Figure 1: Artist’s impression of HD
209458b - a hot-Jupiter. Credit: NASA, ESA, and G. Bacon (STScI)
Hot-Jupiters are a class of extrasolar
planets that have similar characteristics to Jupiter but unlike Jupiter, they orbit
very close to their parent stars. As a result, hot-Jupiters exhibit high
atmospheric temperatures ranging from hundreds to thousands of Kelvin.
Additionally, hot-Jupiters are expected to be tidally-locked with respect to
their parent stars and this means that a hot-Jupiter always presents the same
hemisphere towards its parent star, resulting in a permanent dayside and
nightside hemisphere. This establishes a large temperature contrast between the
dayside and nightside. Condensable species such as titanium oxide (TiO) and silicates
that are stable in the gas phase on the dayside may condense into particles on
the much cooler nightside and gravitationally settle there. In the absence of
vertical mixing in the atmosphere, condensation on the nightside can deplete
the atmosphere of these condensable species. In this regard, the nightside can
serve as a cold trap by depleting the atmosphere of these condensable species.
Observations of some transiting
hot-Jupiters have revealed the presence of stratospheres on the daysides of
these planets. A stratosphere is a layer in a planet’s atmosphere where the temperature
increases as altitude increases (thermal inversion). In the atmosphere of a
hot-Jupiter, a stratosphere is thought to result from the absorption of
starlight by strong visible/ultraviolet absorbers and gaseous TiO is a good
candidate for such an absorber. The presence of the nightside cold trap on a
hot-Jupiter brings up the question of whether such a cold trap is effective
enough to deplete the atmosphere of TiO and prevent the formation of a
stratosphere. This is investigated by using 3D global circulation models of HD
209458b - one of the best studied hot-Jupiter which is also though to have a
stratosphere and a large day-night temperature contrast.
Figure 2: Temperature and horizontal
winds (arrows) in the global circulation model of the hot-Jupiter HD 209458b. The
top three panels show the temperature and flow at three different pressures
(0.1 millibar, 1 millibar and 10 millibar). The substellar point is located at
longitude 0 degrees and latitude 0 degrees while the dayside is between the
longitudes of -90 degrees and +90 degrees.
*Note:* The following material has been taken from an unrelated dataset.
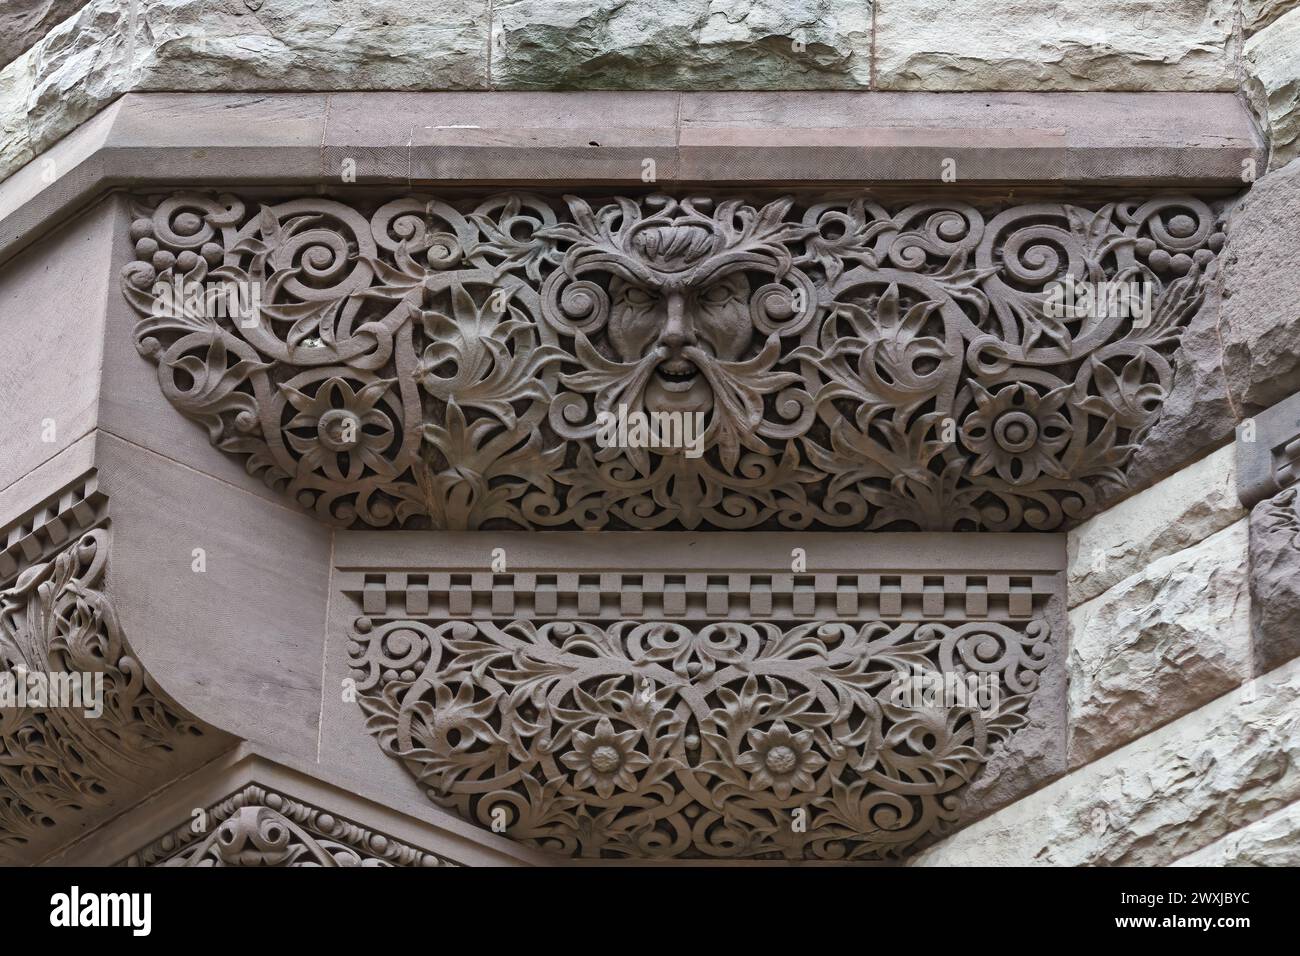 Architektonische Besonderheiten oder Details aus der Kolonialzeit im Old City Hall Building (1898), Toronto, Kanada. Teil einer Serie. Stockfoto

Based on the global circulation models
of HD 209458b, a stratosphere is clearly visible on the dayside of the planet
at altitudes above the 10 millibar level due to strong absorption by TiO in the
atmosphere. Furthermore, at altitudes above the 10 millibar level, temperatures
reach 2200 Kelvin around the substellar point on the planet and the day-night
temperature contrast is as large as 1600 Kelvin. The large temperature contrast
is due to the short radiative timescales at low atmospheric pressures. Centred
along the equator of HD 209458b is a strong eastward superrotating jet. A pair
of convergence/divergence shock-like features can be seen along the
superrotating jet. The convergence/divergence feature located about 40 degrees
west of the substellar point creates a region of strong upward flow while the convergence/divergence
feature located about 150 degrees east of the substellar point creates a region
of strong downward flow.
As shown from the global circulation
models of HD 209458b, large scale circulation in the atmosphere naturally
creates vertical flows that are strong enough to keep a condensable species
such as TiO aloft if it condenses into particles no larger than a few microns
on the planet’s nightside. If TiO is able to condense into particles larger
than a few microns, then the nightside cold trap will be efficient enough to
deplete TiO from the atmosphere. However, if TiO is unable to condense into
particles larger than a few microns, there will be sufficient TiO on the
planet’s dayside for a TiO-induced stratosphere to be present. Due to the relatively
small abundance of TiO in the atmosphere, condensing TiO into particles larger
than a few microns is difficult. However, if TiO can be efficiently
incorporated into other more abundant condensable species such as silicates,
then it can condense into larger particles. In such a scenario, the nightside
cold trap can be effective enough to prevent the formation of a TiO-induced
stratosphere on the planet’s dayside.
Reference: Vivien Parmentier, Adam P.
Showman and Yuan Lian (2013), “3D mixing in hot Jupiter atmospheres I:
application to the day/night cold trap in HD 209458b”, arXiv:1301.4522
[astro-ph.EP]